### DIRECTIONS FOR THIS TASK
Your output should be an exact copy of the records, with no pictures in it.

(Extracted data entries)
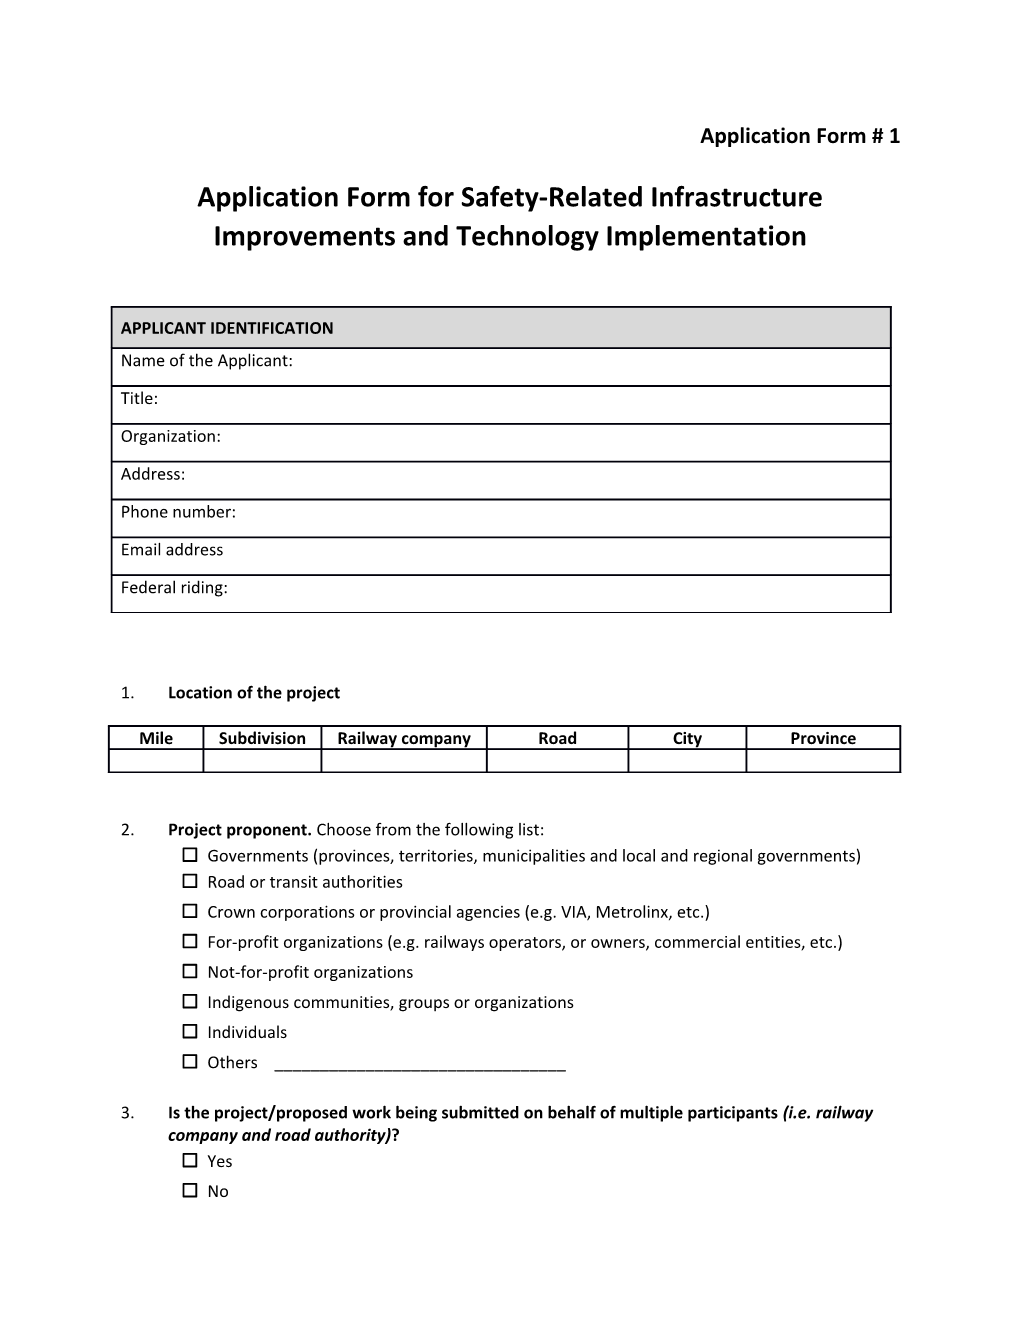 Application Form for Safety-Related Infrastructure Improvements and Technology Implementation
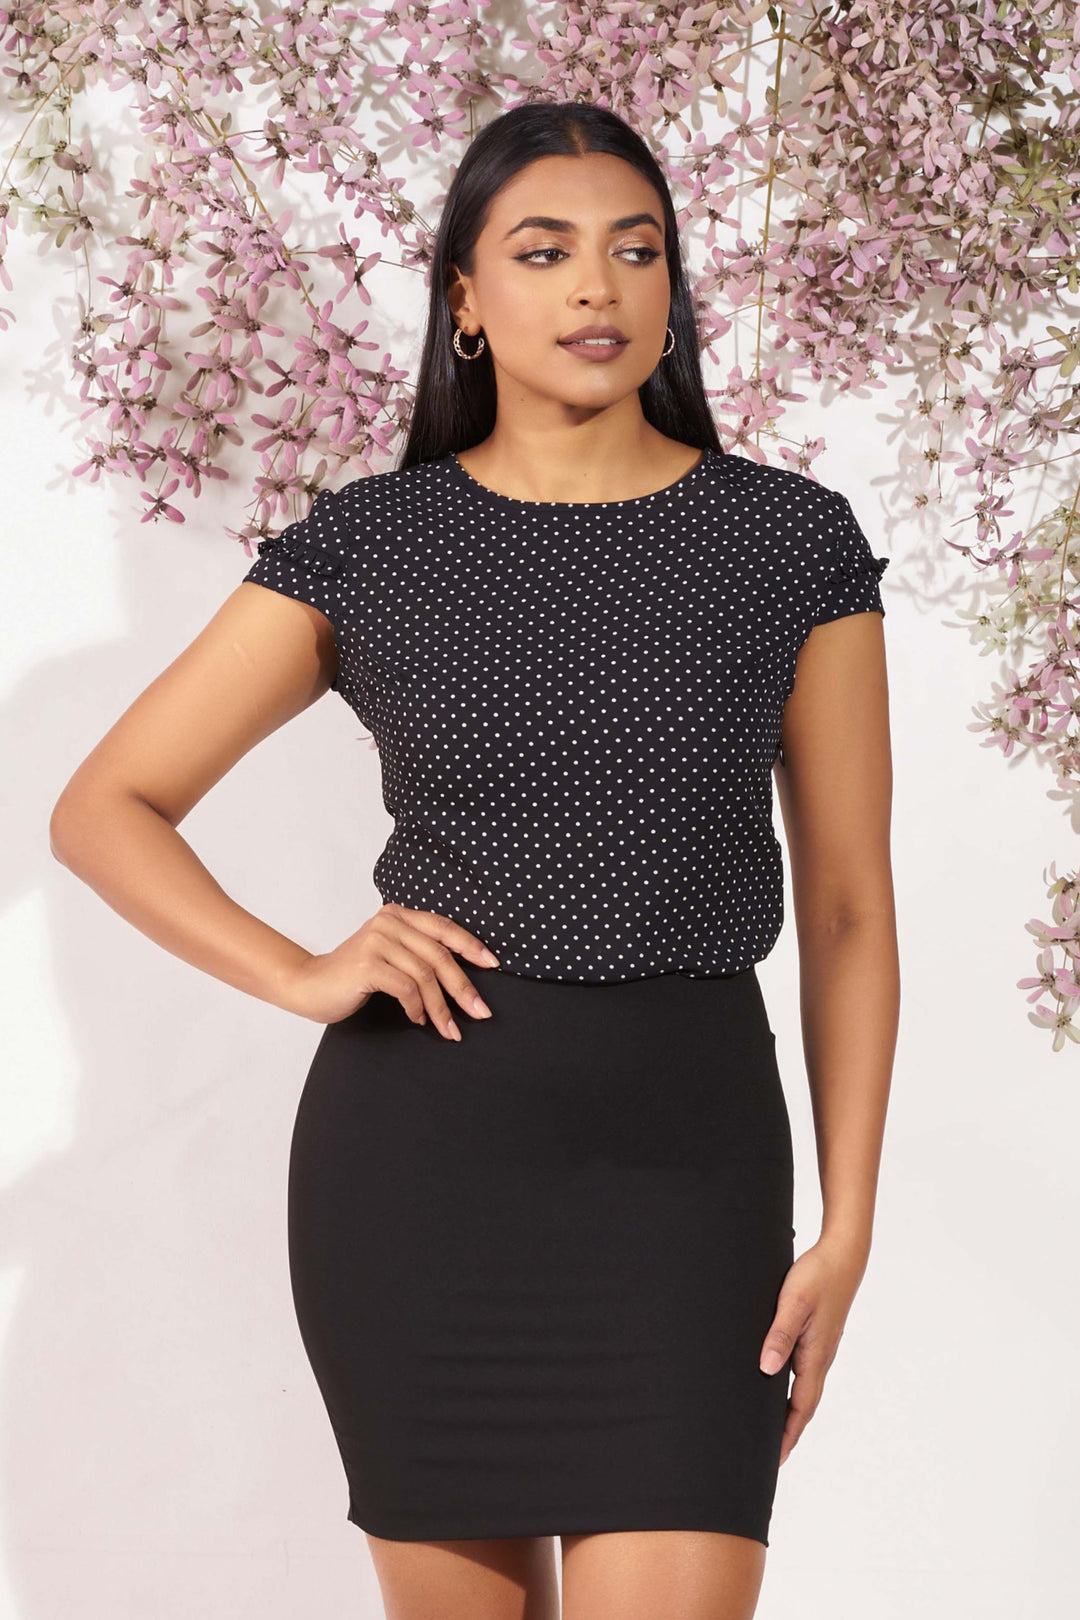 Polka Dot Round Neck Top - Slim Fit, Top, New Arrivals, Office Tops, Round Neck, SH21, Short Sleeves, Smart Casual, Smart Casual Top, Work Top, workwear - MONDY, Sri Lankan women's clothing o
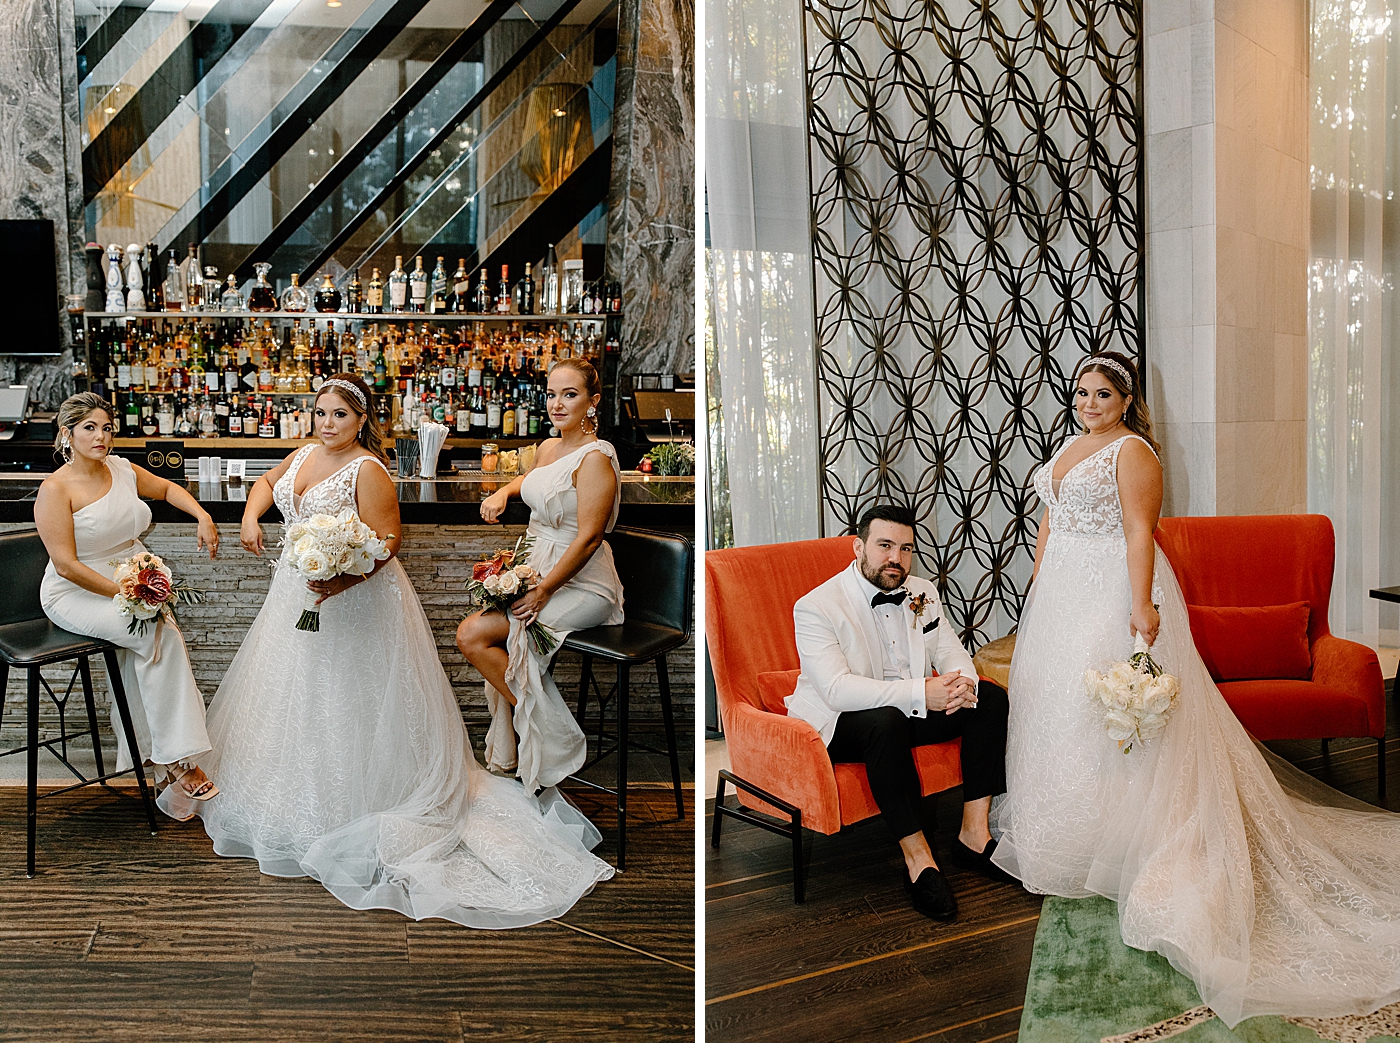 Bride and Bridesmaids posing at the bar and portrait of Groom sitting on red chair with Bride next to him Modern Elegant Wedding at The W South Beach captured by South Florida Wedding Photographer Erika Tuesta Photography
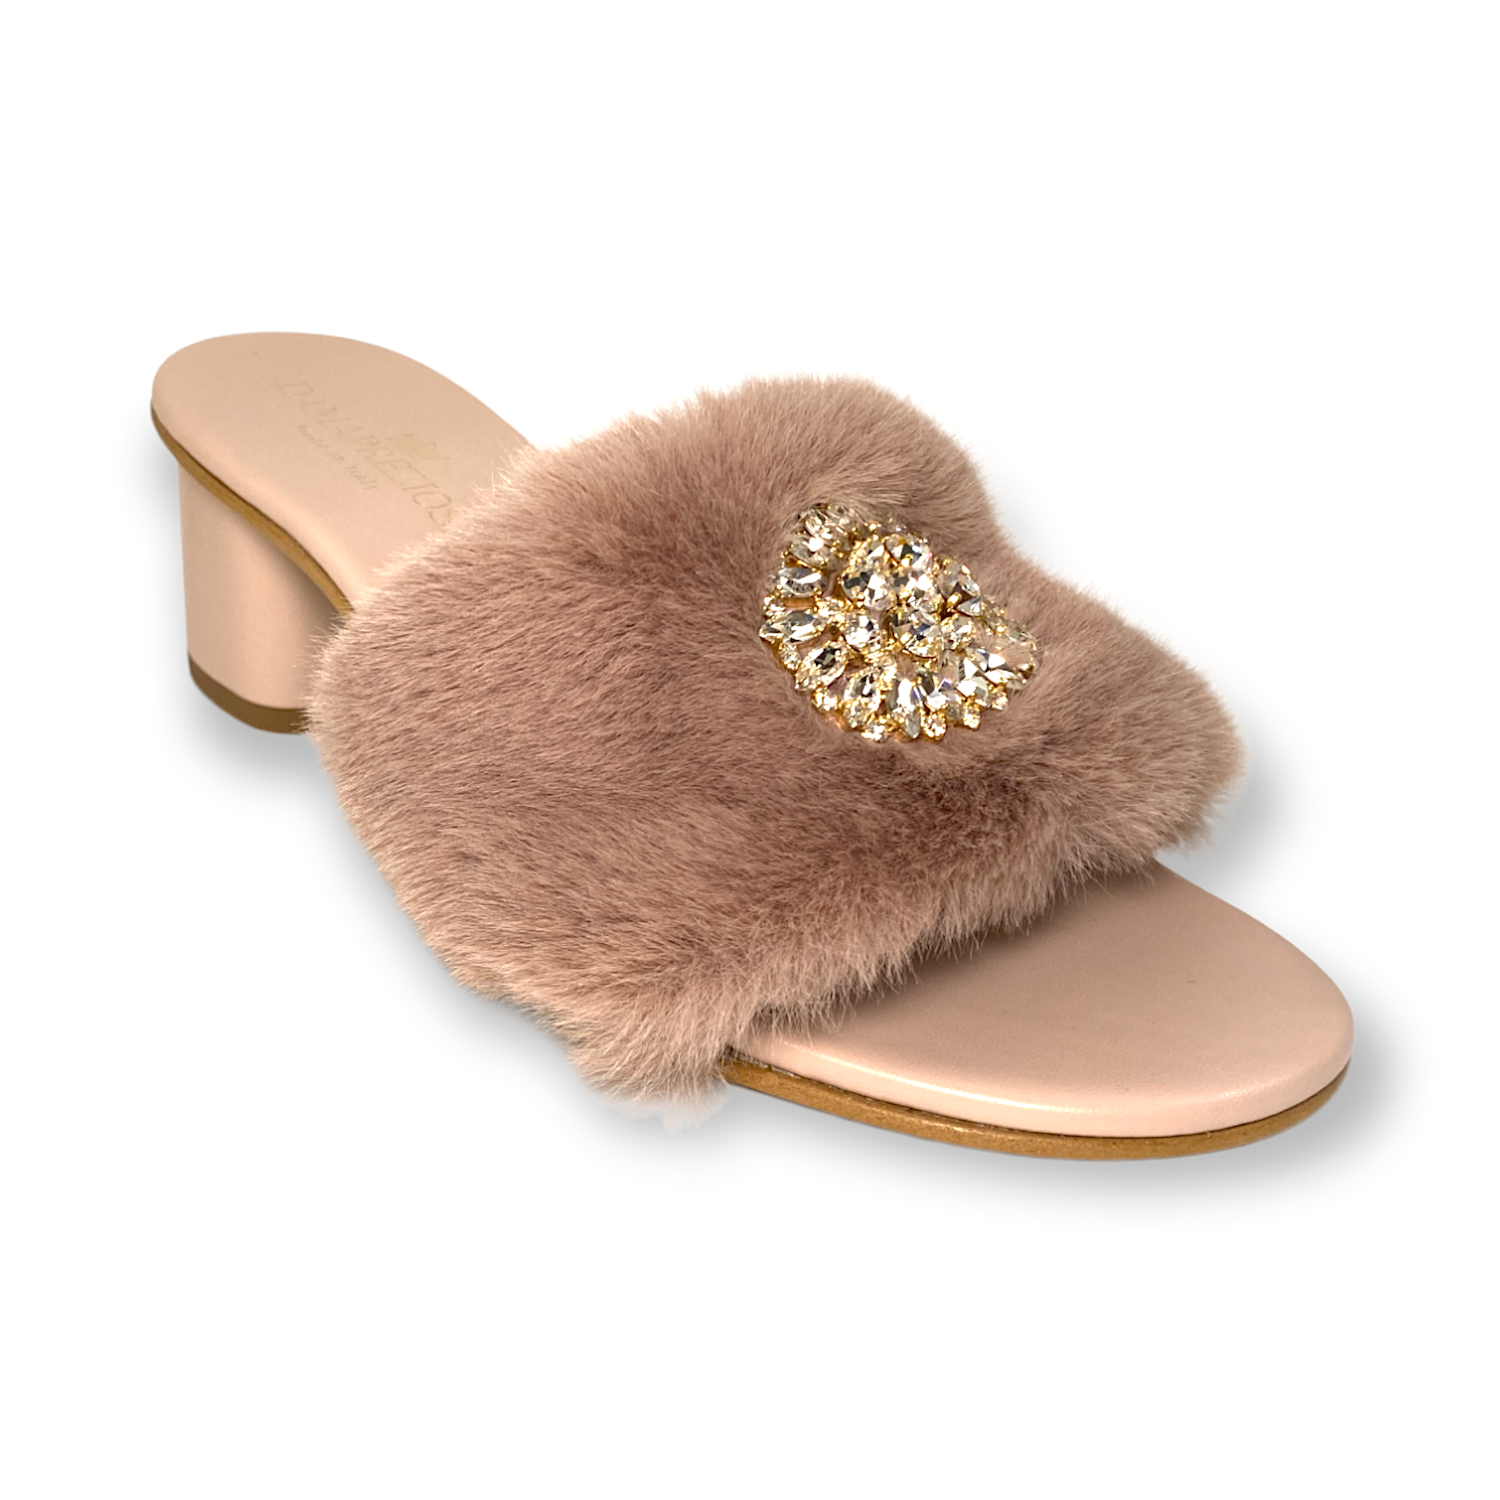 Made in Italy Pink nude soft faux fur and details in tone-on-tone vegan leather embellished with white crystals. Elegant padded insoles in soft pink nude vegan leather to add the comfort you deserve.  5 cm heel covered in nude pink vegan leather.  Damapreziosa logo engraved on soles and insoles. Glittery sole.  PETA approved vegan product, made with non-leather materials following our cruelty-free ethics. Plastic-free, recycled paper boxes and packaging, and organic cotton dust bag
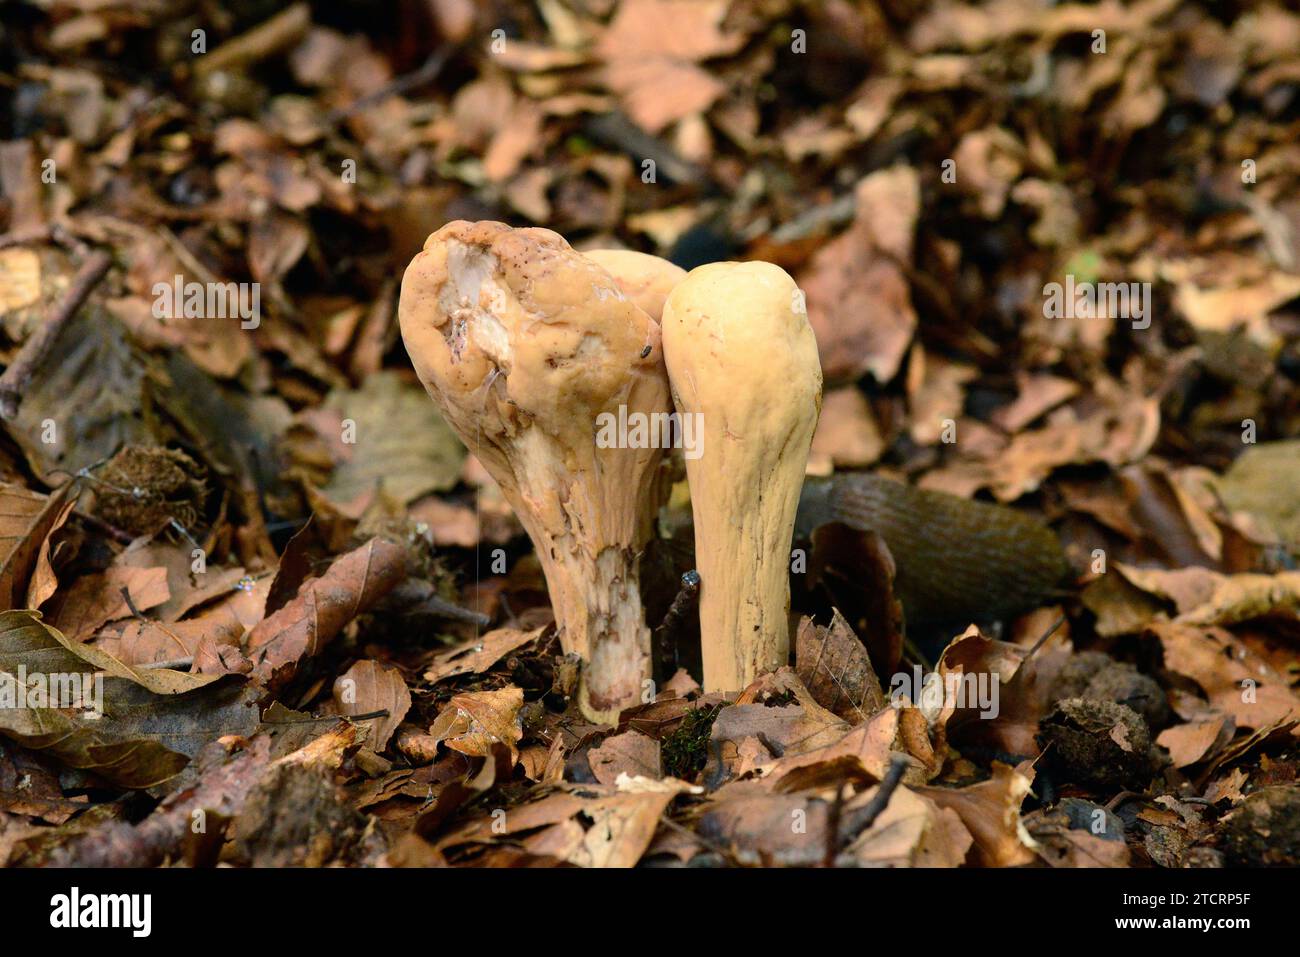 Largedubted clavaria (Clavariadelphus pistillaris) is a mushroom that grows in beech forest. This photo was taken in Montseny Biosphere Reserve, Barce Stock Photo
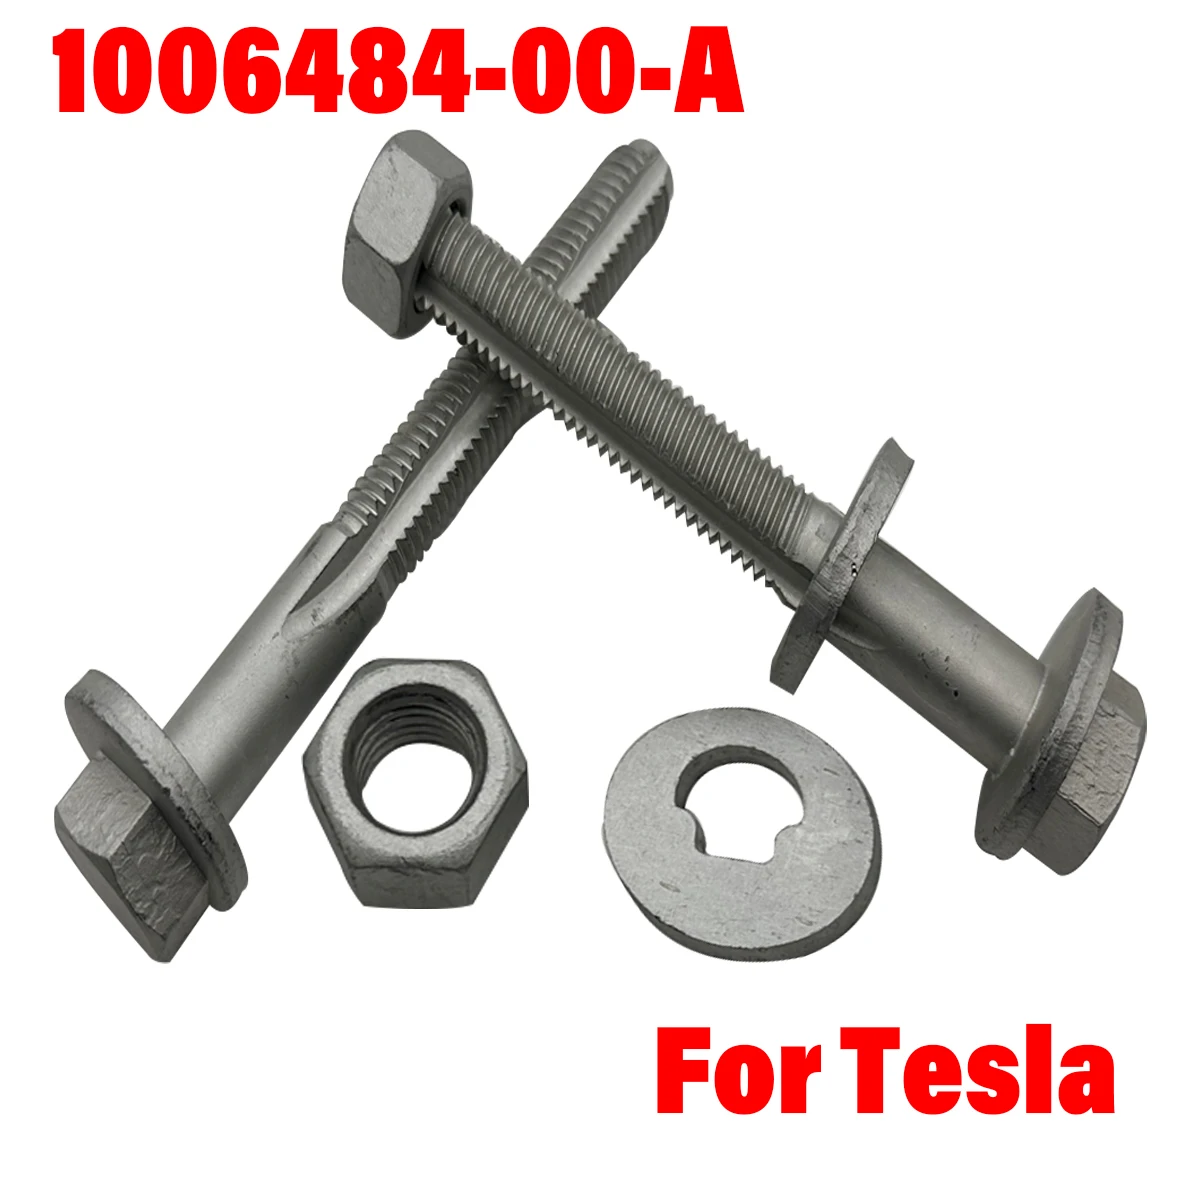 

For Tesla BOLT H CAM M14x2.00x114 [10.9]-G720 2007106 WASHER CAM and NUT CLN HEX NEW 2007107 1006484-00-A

### YOUR SOLUTION
 Application Form for Safety-Related Infrastructure Improvements and Technology Implementation
 Polka Dot Round Neck Top - Slim Fit, Top, New Arrivals, Office Tops, Round Neck, SH21, Short Sleeves, Smart Casual, Smart Casual Top, Work Top, workwear - MONDY, Sri Lankan women's clothing o
 Bride and Bridesmaids posing at the bar and portrait of Groom sitting on red chair with Bride next to him Modern Elegant Wedding at The W South Beach captured by South Florida Wedding Photographer Erika Tuesta Photography
 Made in Italy Pink nude soft faux fur and details in tone-on-tone vegan leather embellished with white crystals. Elegant padded insoles in soft pink nude vegan leather to add the comfort you deserve.  5 cm heel covered in nude pink vegan leather.  Damapreziosa logo engraved on soles and insoles. Glittery sole.  PETA approved vegan product, made with non-leather materials following our cruelty-free ethics. Plastic-free, recycled paper boxes and packaging, and organic cotton dust bag
 Largedubted clavaria (Clavariadelphus pistillaris) is a mushroom that grows in beech forest. This photo was taken in Montseny Biosphere Reserve, Barce Stock Photo

For Tesla BOLT H CAM M14x2.00x114 [10.9]-G720 2007106 WASHER CAM and NUT CLN HEX NEW 2007107 1006484-00-A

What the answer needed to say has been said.